Natixis Asset Management introduces Seeyond, its structured product and volatility management investment division
In order to offer investors resilient investments in a lastingly unstable environment, Natixis Asset Management is creating an investment division dedicated to structured products and volatility management: Seeyond.
With 32 employees, the division has €14.7 billion in assets under management(1).
Seeyond’s offering is marketed by Natixis Global Asset Management’s global distribution platform and is intended for all types of investors, both professional and non-professional: institutional investors, companies, multi-managers, private banks, independent financial advisers and banking networks.
Strategies going beyond conventional active management
Structured management, flexible asset allocation, active volatility management, model-driven equity management or long/short equity – all the strategies proposed by Seeyond strive to provide solutions that combine performance generation with risk reduction. “The past decade has shown that investors are far from being remunerated in proportion to the risk taken”, stresses Emmanuel Bourdeix, co-Chief Investment Officer of Natixis Asset Management and head of Seeyond investment division. These different strategies are implemented through an active approach in which investment decisions are both objectivised by models and risk-weighted.
Turning uncertainty into opportunity
In durably volatile markets in which trends have been depleted, Seeyond’s investment philosophy is based on a strong conviction: it is more efficient to exploit market volatility to generate value rather than invest according to return forecasts that are sometimes inaccurate and often unstable. Seeyond’s teams thus use market variability and dispersion to generate performance and focus on risk management to construct portfolios tailored to a more complex environment.

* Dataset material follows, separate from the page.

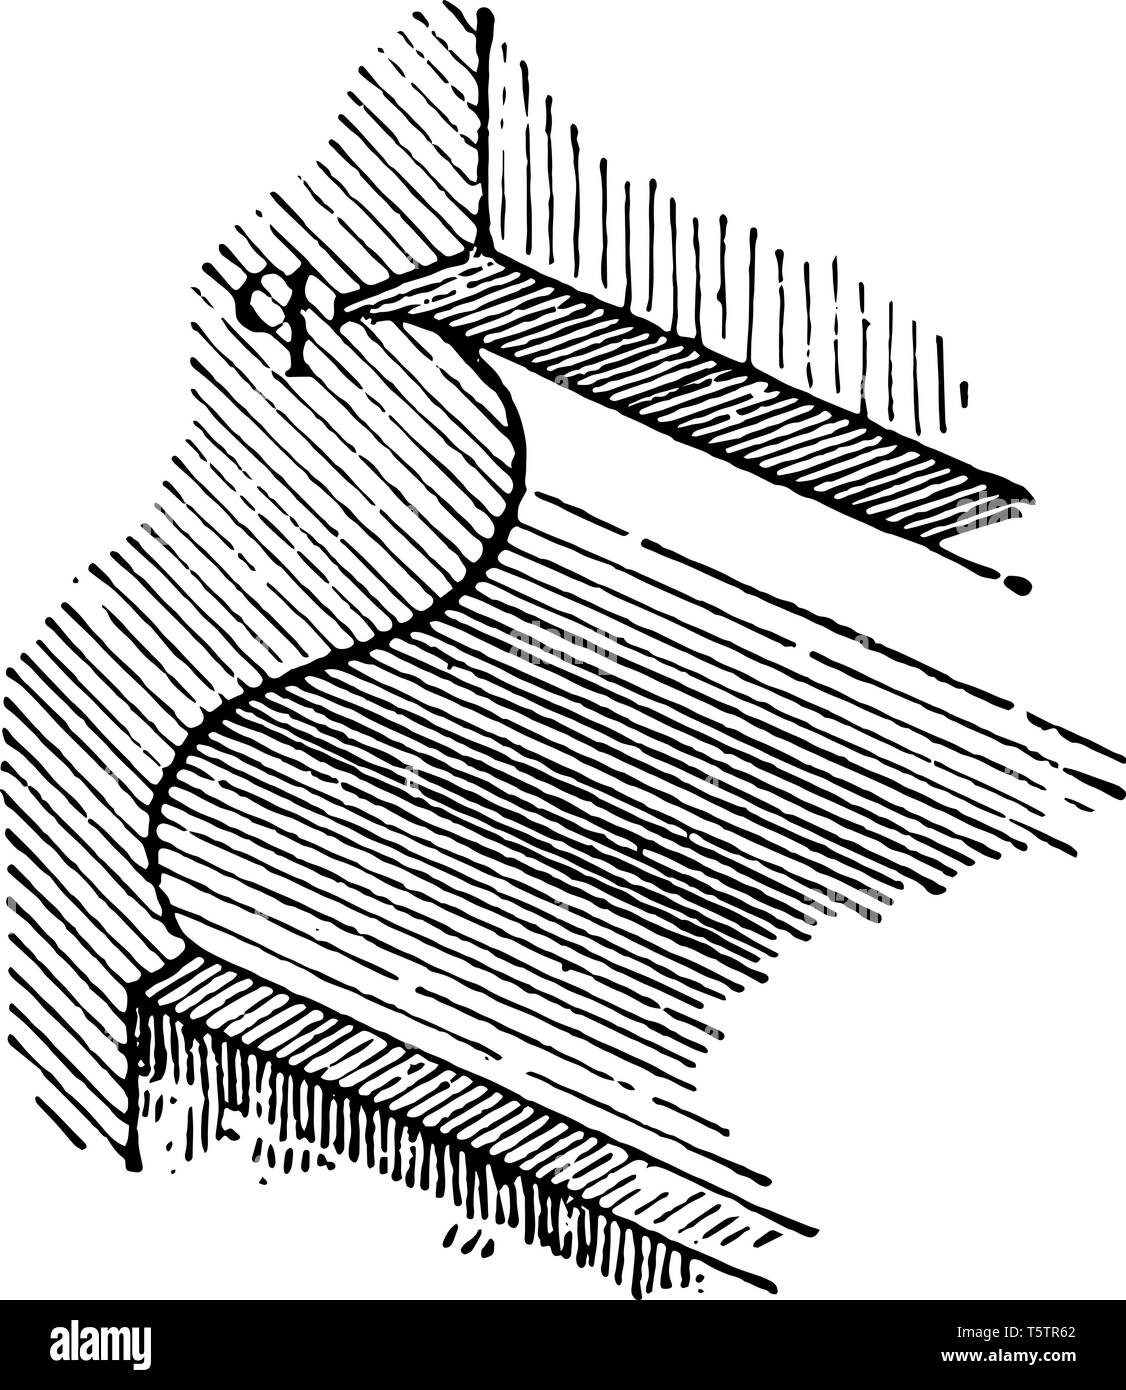 Quirk stampaggio avente una scanalatura piccola proporzione di finitura per la sua larghezza vintage disegno della linea di incisione o illustrazione. Illustrazione Vettoriale

Challenging conventional financial theories
Seeyond’s strength lies in its specialists’ ability to constantly challenge the postulates of conventional financial theory as well as its own models. For this purpose, the teams benefit from a dedicated quantitative research platform to support them in their day-to-day management.
“The creation of our investment division, Seeyond, meets the current needs and concerns of investors seeking resilient investments in a lastingly unstable environment”, explains Pascal Voisin, Managing Director of Natixis Asset Management.
1 Source: Natixis Asset Management as at 30 June 2012
Seeyond is the structured product and volatility management investment division of Natixis Asset Management. In order to offer investments that combine performance generation with risk reduction, Seeyond applies investment strategies going beyond conventional active management.
Seeyond develops a complete range of funds in four areas of expertise: capital protected funds, model‐driven and optimised equity management, multi‐asset absolute return and active volatility management, equity arbitrage. The fund managers benefit from a dedicated quantitative research team.
Seeyond’s offering is marketed by Natixis Global Asset Management’s global distribution platform and is intended for all types of investors, both professional and non‐professional.
With 32 employees, Seeyond has €14.7 billion in assets under management*.
Natixis Asset Management ranks among the leading European asset managers with €287 billion in assets under management and close to 675 employees*. Investment management at Natixis Asset Management revolves around six areas of expertise: Bonds, European equities, Investment and client solutions, Global emerging, Responsible Investment and Structured products and volatility, developed by Seeyond.
Natixis Global Asset Management, a fully‐owned subsidiary of Natixis, is comprised of management and distribution companies based in Europe, the United States and Asia. The company manages assets of over €560 billion worldwide and had a workforce staff of almost 3,000 as at 30 June 2012*.